Walau ia mencoba tetap tenang, dirinya tetap manusia biasa yang takut ditinggalkan. Apa yang dia alami bersama Nadia beberapa akhir ini seperti mencoba mengubah keputusannya. Adi seperti orang gila yang terbakar cemburu karena hubungan dekat Nadia dengan pria lain, terutama itu dengan Raka.
Adi memang tidak mengenal pria itu dengan baik. Tapi sorot matanya menggambar bahwa Raka memandang Nadia lebih dari tatapan biasa. Itu tatapan lapar lengkap dengan rasa ingin memiliki. Persis seperti perasaan dirinya pada Nadia.
Adi menggosok wajahnya dengan handuk. Mengeringkan sisa air di alis. Lalu memandang lagi wajahnya. Ia menunduk mencari laci di nakas dekat cermin. Kemudian membuka laci undakan kedua.
Pria itu tersenyum menemukan sebuah kotak beludru berukuran kecil. Jantungnya sempat melompat dua centi dari asal dan membuat paru-parunya mengecil. Adi menahan nafas selama beberapa detik, sebelum membuka kotak beludru kecil itu.
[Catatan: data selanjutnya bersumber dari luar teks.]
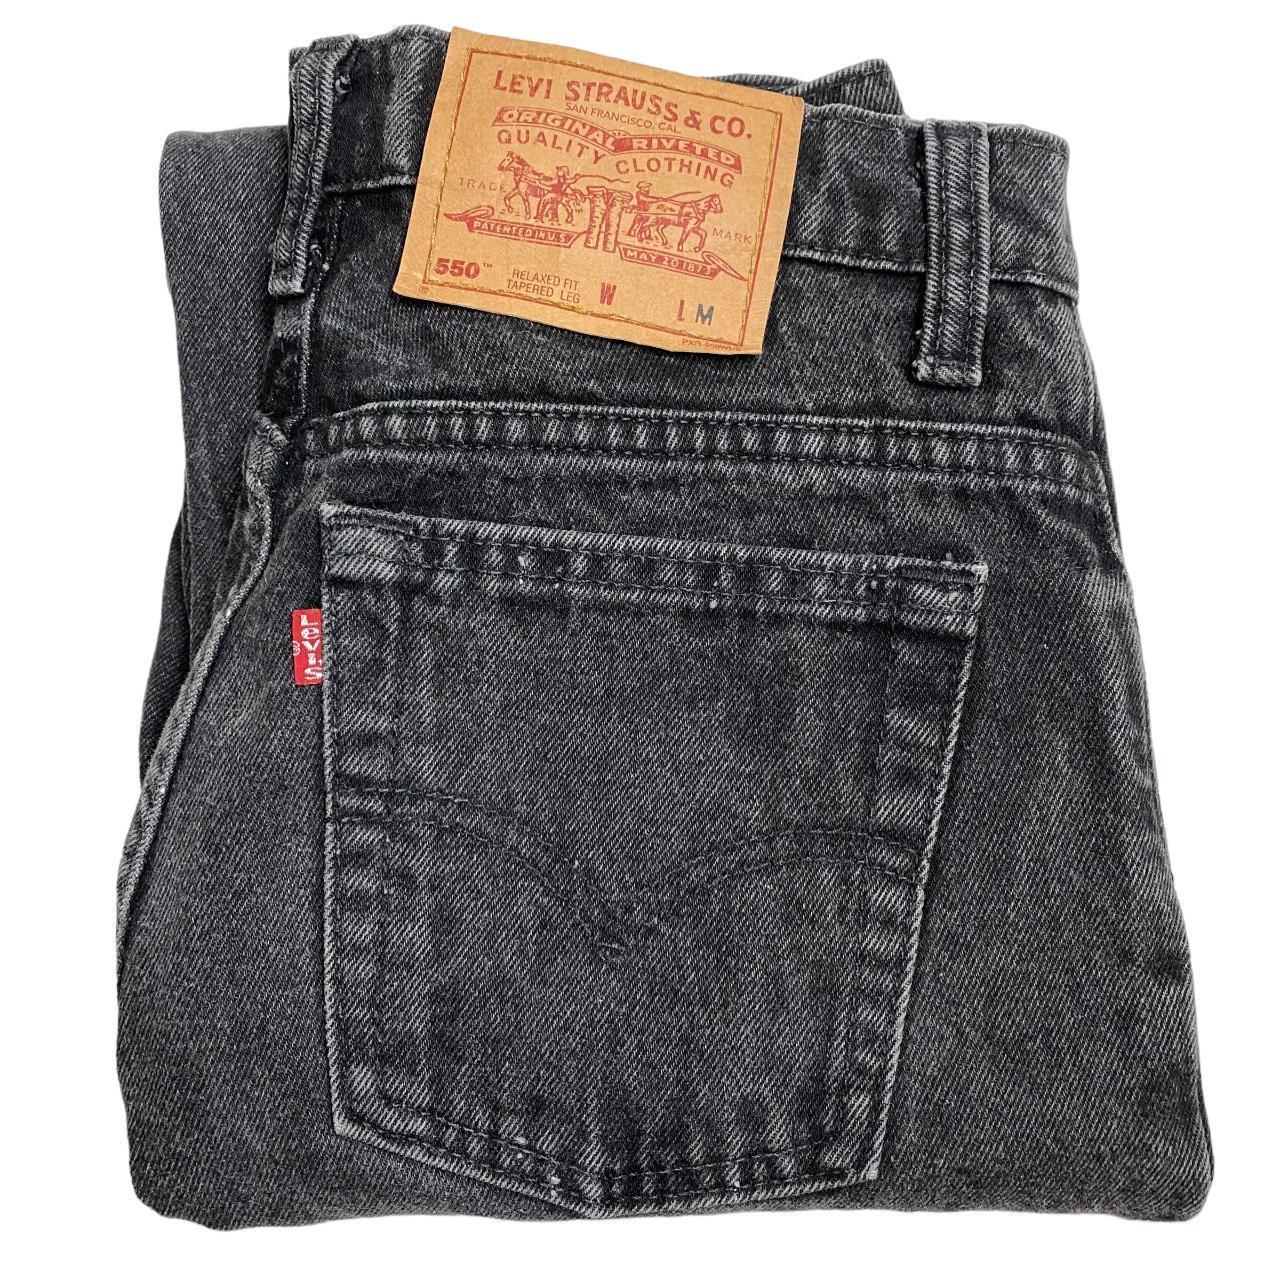 Vintage Levis 550 Jeans Dark Grey High Waisted Made... - Depop

Cincin istimewa yang ia beli khusus untuk calon istrinya, Nadia Almeera Yusman.
Dibalik perasaan cemburunya yang menggebu hampir menutup mata, Adi harus segera meresmikan hubungan mereka. Meski diam-diam dirinya menyiapkan semua keperluan, pergi kanan kiri mencari WO yang tepat untuk menghandle pernikahannya nanti. Yang terpenting adalah...perasannya yang harus mengikat perasaan Nadia juga.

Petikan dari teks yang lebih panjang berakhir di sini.